I got my display now stable for over 16h straight with the fix in the PR - new record. And it really looks like there are two different failures involved that also show two different display errors (shifted lines vs. scaled&disturbed fonts). And I can now also provoke both failure pictures within 30min with F_OSC at certain levels or maybe just too low and also by adding NOPs at the wrong points in the SPI function.

Regarding the idea on disabling interrupts for SPI, I can imagine some random increases in the timing, if an interrupt is fired. I would try this next, if the display shows still issues. On the other hand, we could also just simply reset the display via the RST pin every ~1000ms and forget about it but I did not yet test, what an RST actually does to the display. ;P

caesar1111 commented 3 years ago

@Quas7 : sorry for coming back so late, but I had to get my Gartenzwerg ready for winter..... I finally got my 50cm jumper wires delivered. One stepper which had issues while the display was plugged in is now running flawless even for >24hrs.

The other stepper which was producing the black screen, is still having some issues, just with the 50cm wires, so I added some kind of choke which improved the situation, but is still producing artefacts after a few hrs. printing.

So I plan to design a mount to attach the display to the frame as far away from the stepper as possible. I will also replace the chokes with the the ferrite beads as soon as the shipment arrives. But while I am working on the hardware, I am happy to test different firmware version. Just send me the complete files of the source code where you applied changes (makes it easier for me to compile the test firmware). …since we have no lockdown in Bavaria so far, I will be on a business trip until Thursday, so I can start the testing again on Friday.

Quas7 commented 3 years ago

@caesar1111 as this is an open-source community there is no time pressure. :) You can grab the optimized code from my fork here: https://github.com/Quas7/BIGTREETECH-S42B-V1.0/tree/OLED_stability_optimization For me, that solved both kind of artefacts I encountered.

Stay safe and healthy on your biz trip! I also expect something partly lockdownish in Hessen/Frankfurt in the coming weeks.

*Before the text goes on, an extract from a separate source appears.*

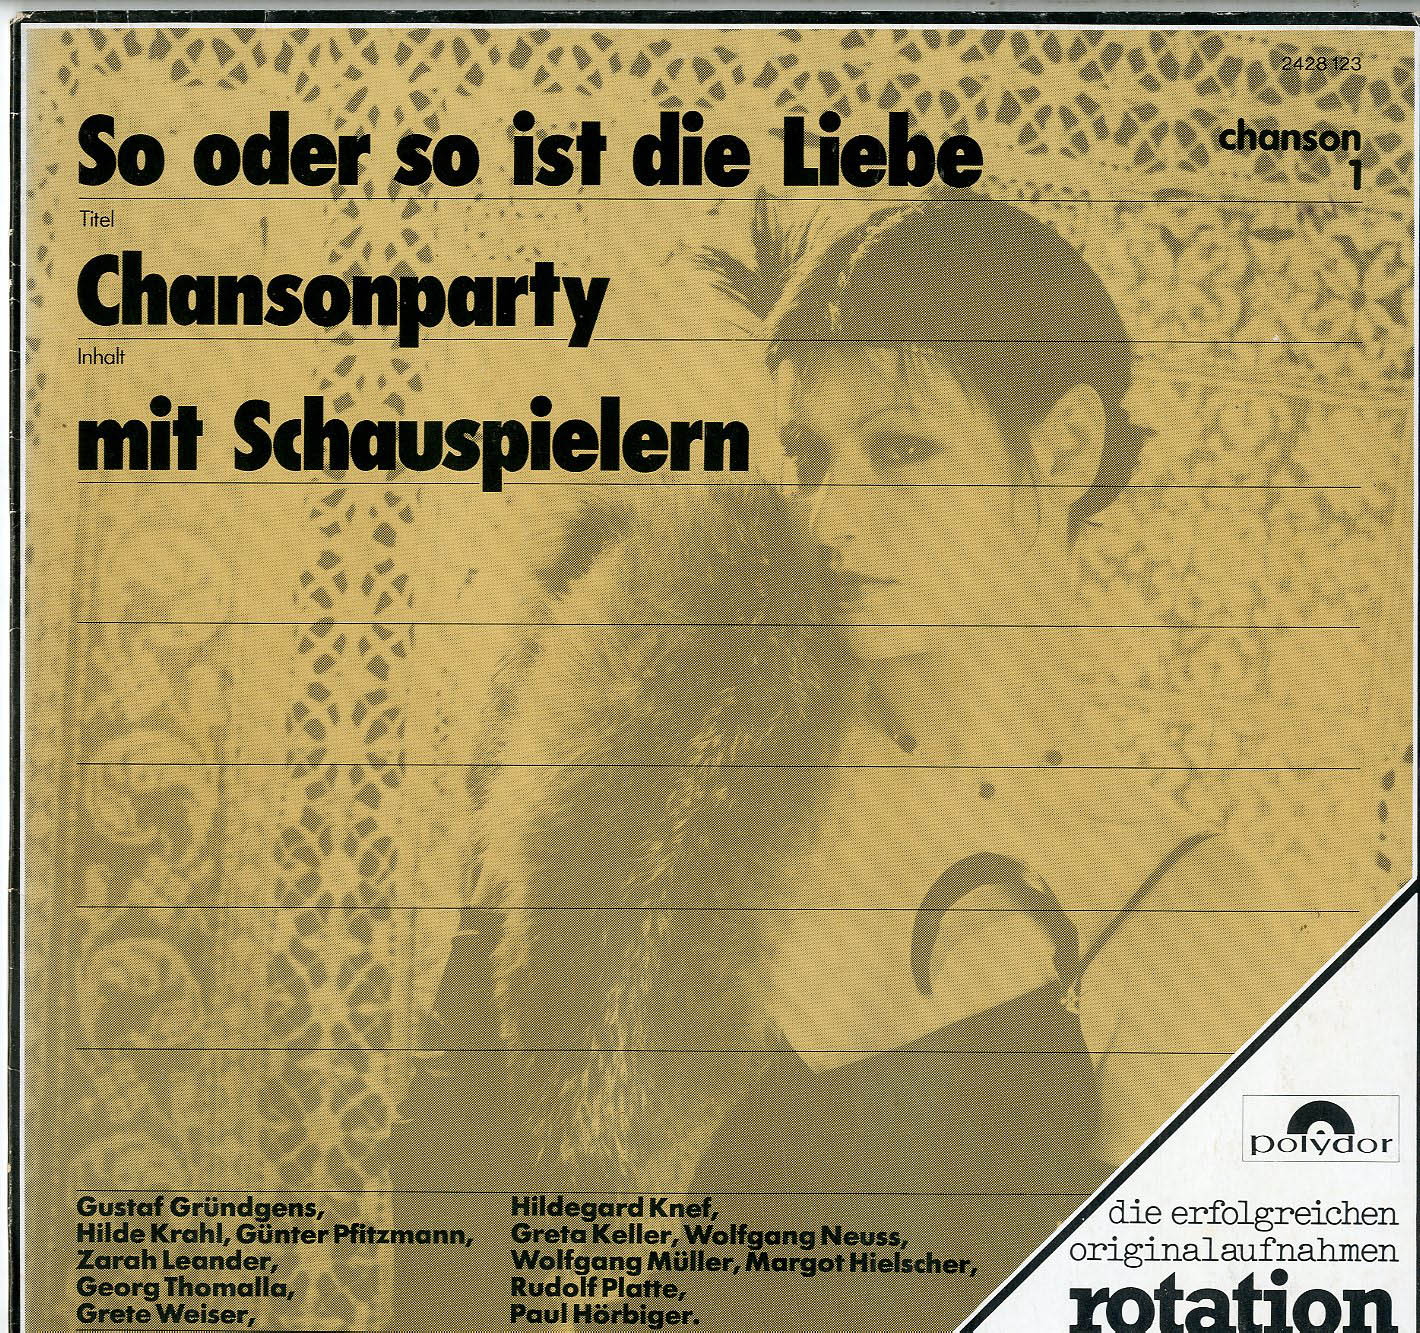 Albumcover Deutsche Chansons - So oder so ist die Liebe - Chansonparty mit Schauspielern (chanson 1)
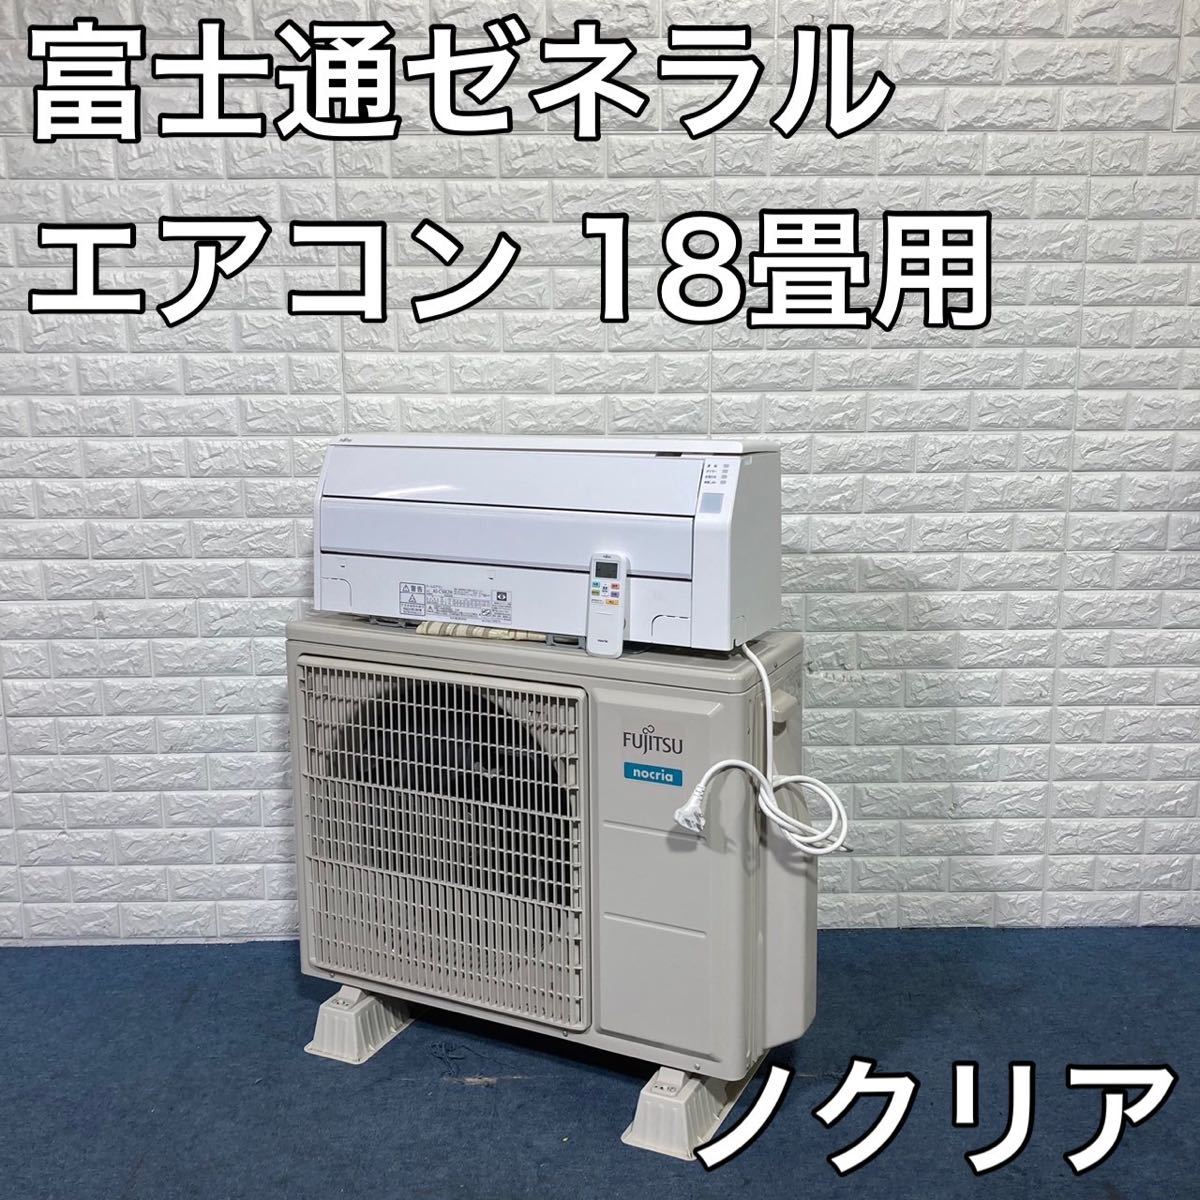 富士通ゼネラル エアコン ノクリア AS-C56K2W 18畳用 B130 www

caesar1111 commented 3 years ago

@Quas7: Hi, I was flashing your firmware yesterday didn’t solve the problem either ;( It was looking good first, but then a layer shift happened still showing the changing values, after that the display froze and after about 2h printing the display went black..... Hardware is currently 50cm jumper cable extended with 20cm, so the display is about 60cm away from the board.... I have the two homemade ferrite beads, but somehow its not solving the problem.... without thorough testing it somehow feels that is got a little worse than my old firmware… Next step will be flashing the board again with the original firmware and work with the professional beads….. see if I can solve it with hardware.. If you have other versions of your firmware which I should test, just let me know.

Quas7 commented 3 years ago

@caesar1111 Thanks for the testing and feedback. I also ran into one interlaced-screen error after approx. 40h sitting on my bench but without any extension cables or beads in place.

I will now just throw in an "init_OLED" every few 100k loops (~20sec) into the main routine to recover from any form of glitch. That is really not the best way of engineering but without having 10 DUTs or a very clever trigger to catch the issue it gets too time consuming to debug.

I updated my fork and the PR with this "fix". You can also change the re-init periode by changing the 100.000 in main.c line 669 to something else (just up to 4mio or change the variable type of OLED_reset_counter to 'long'). Edit: And I changed a few NOPs in the SPI function. So, you also try first to remove the OLED_init in the reset function to test the changed SPI interface only.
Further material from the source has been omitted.